Your assignment: Reproduce all the data exactly, without pictures.

Dataset section:
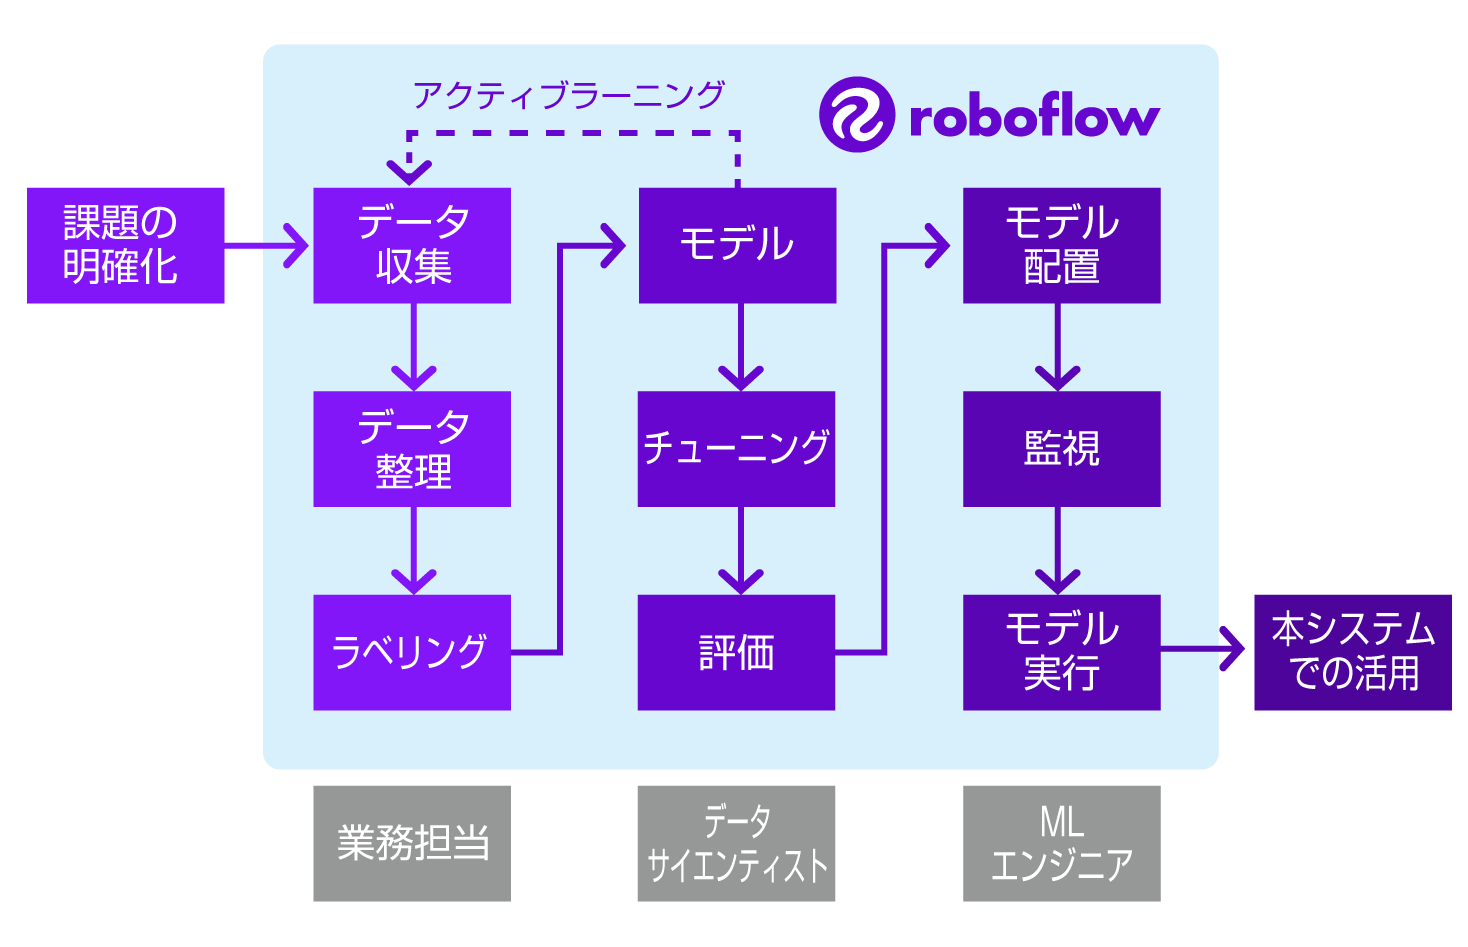 roboflowでコンピュータービジョンを作る流れ
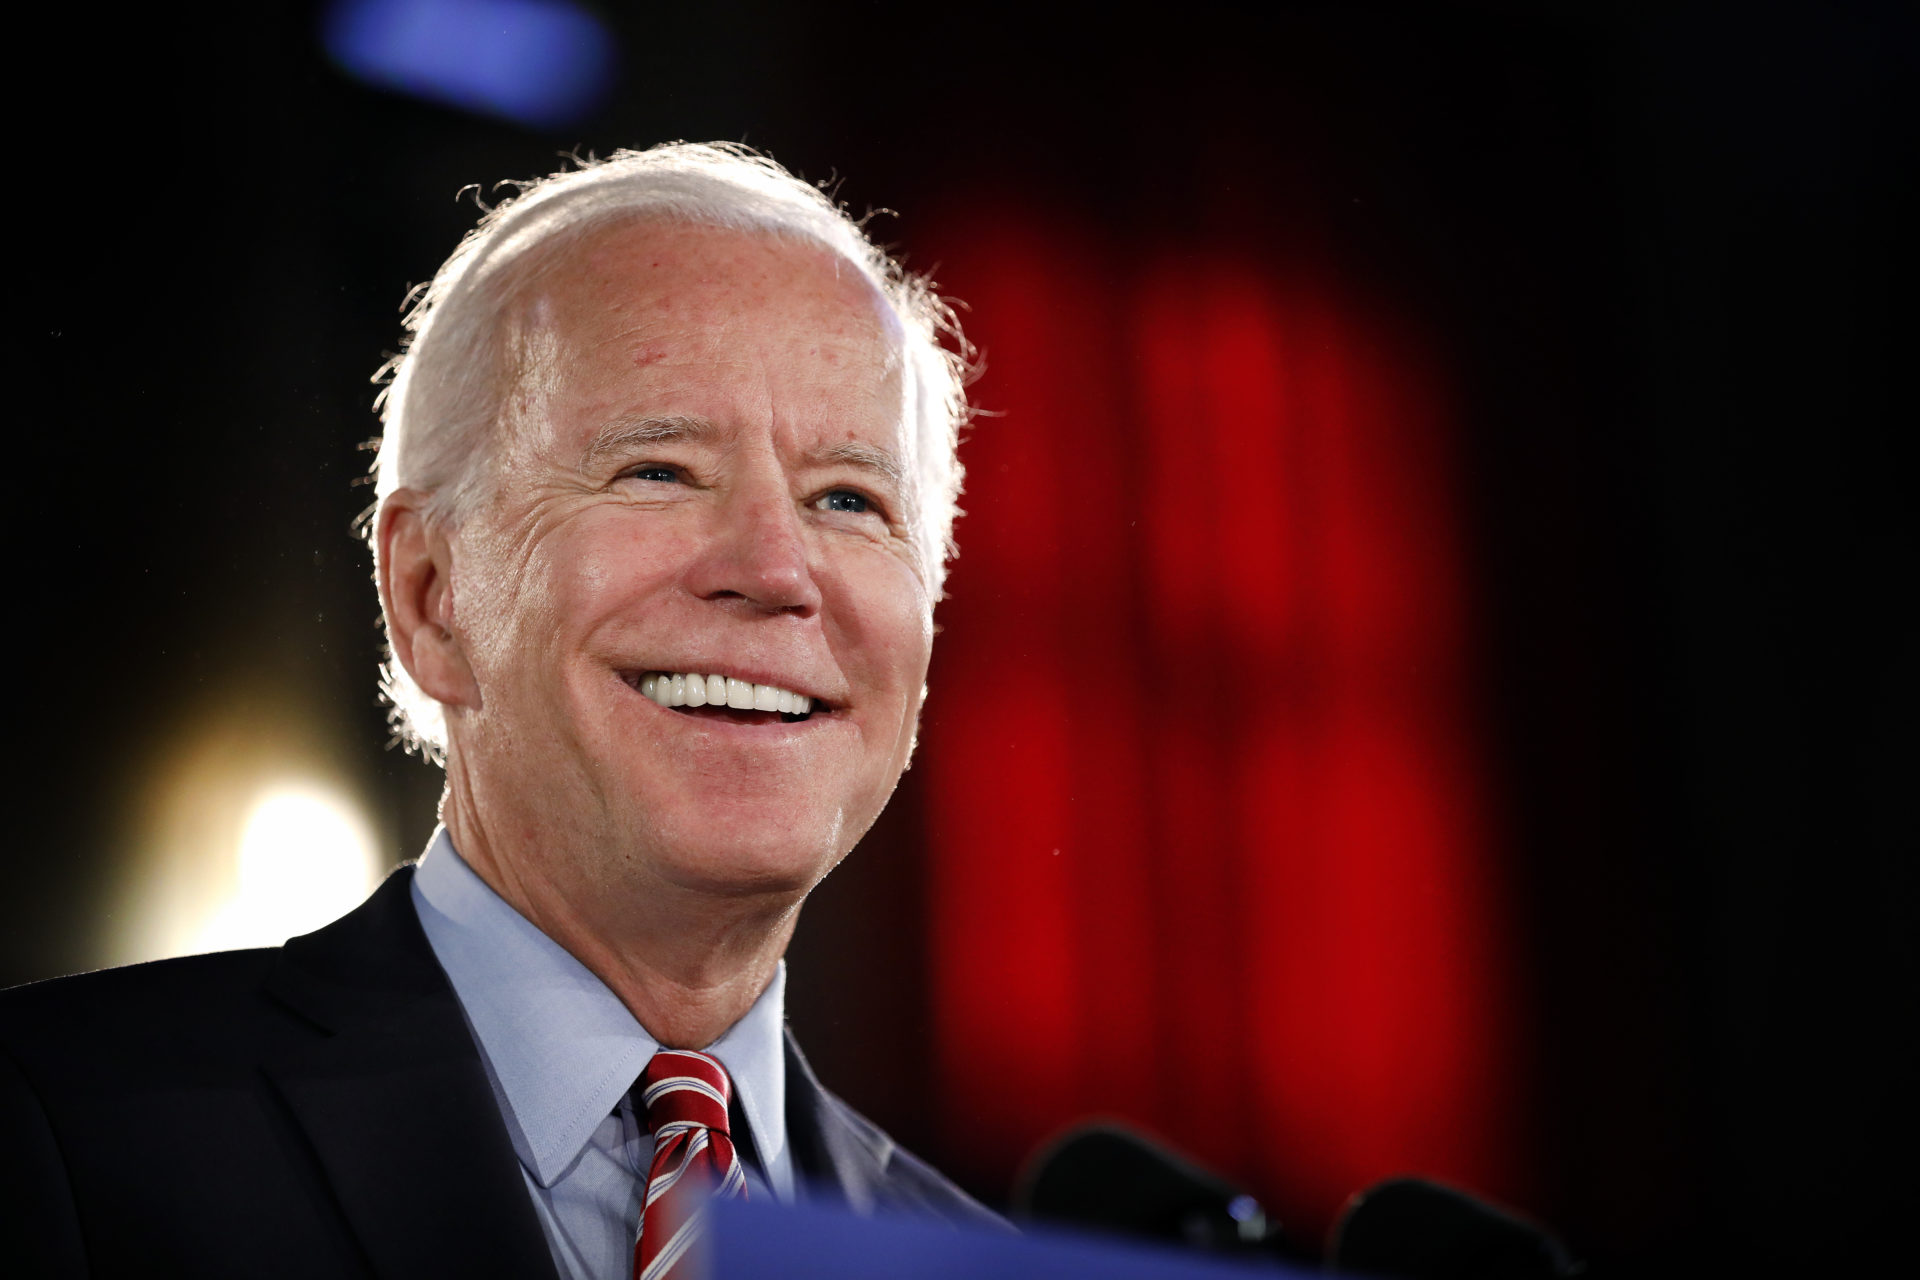 El candidato presidencial Joe Biden pronuncia un discurso sobre política económica en Scranton, Pennsylvania
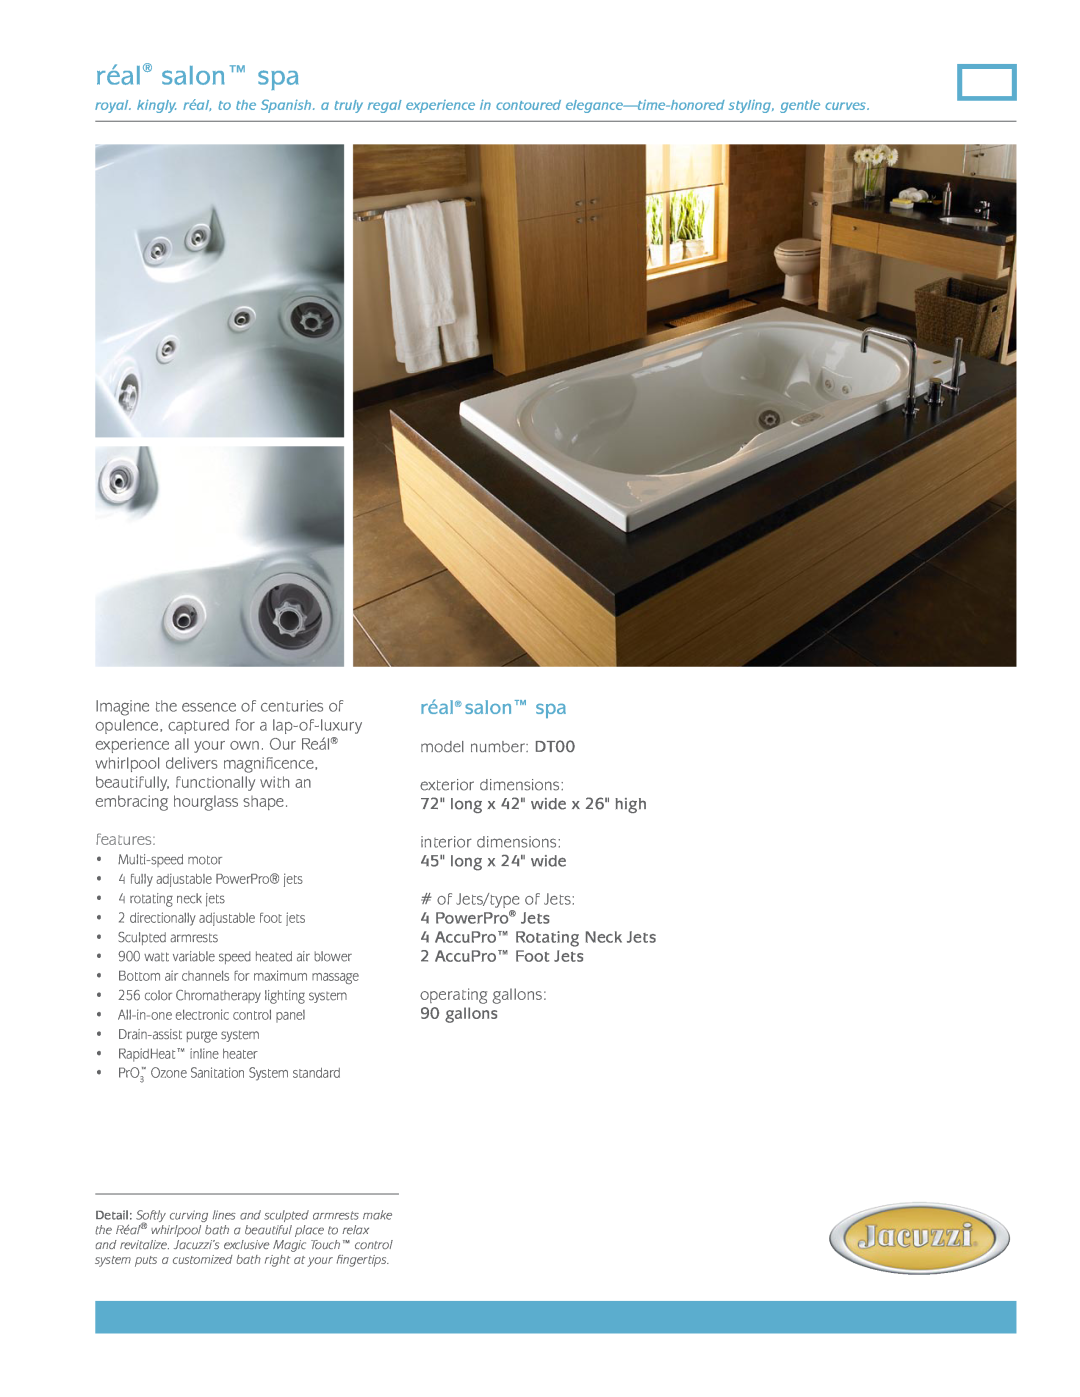 Jacuzzi DT00 dimensions réal salon spa, features 
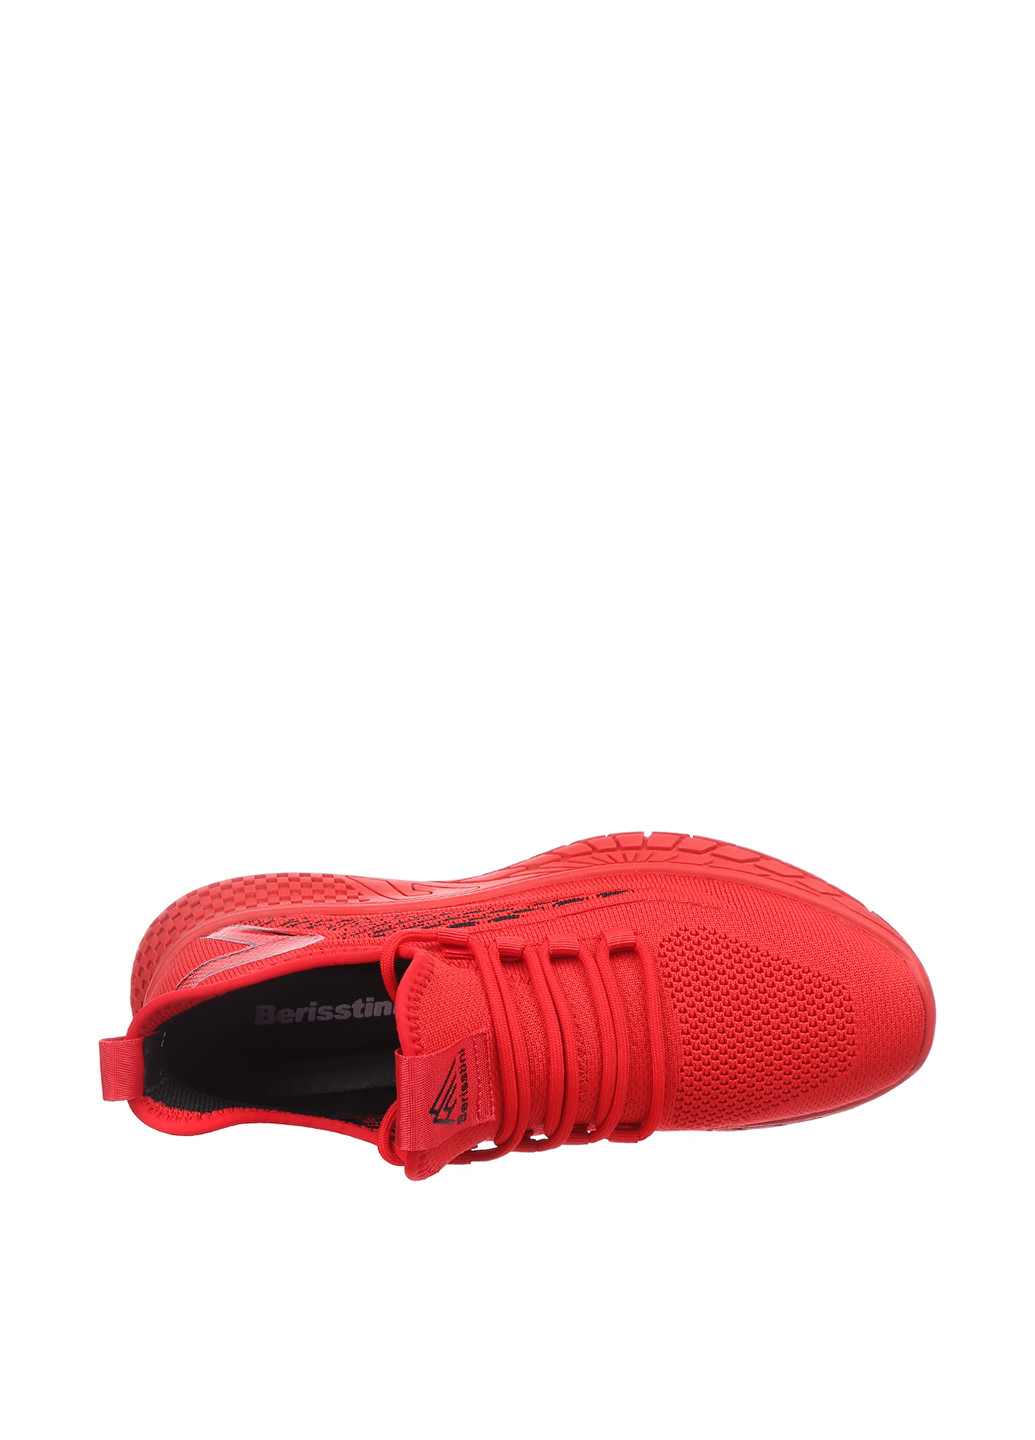 Красные демисезонные кроссовки Berisstini

Answer section:
 roboflowでコンピュータービジョンを作る流れ
 El candidato presidencial Joe Biden pronuncia un discurso sobre política económica en Scranton, Pennsylvania
 Jacuzzi DT00 dimensions réal salon spa, features 
 Красные демисезонные кроссовки Berisstini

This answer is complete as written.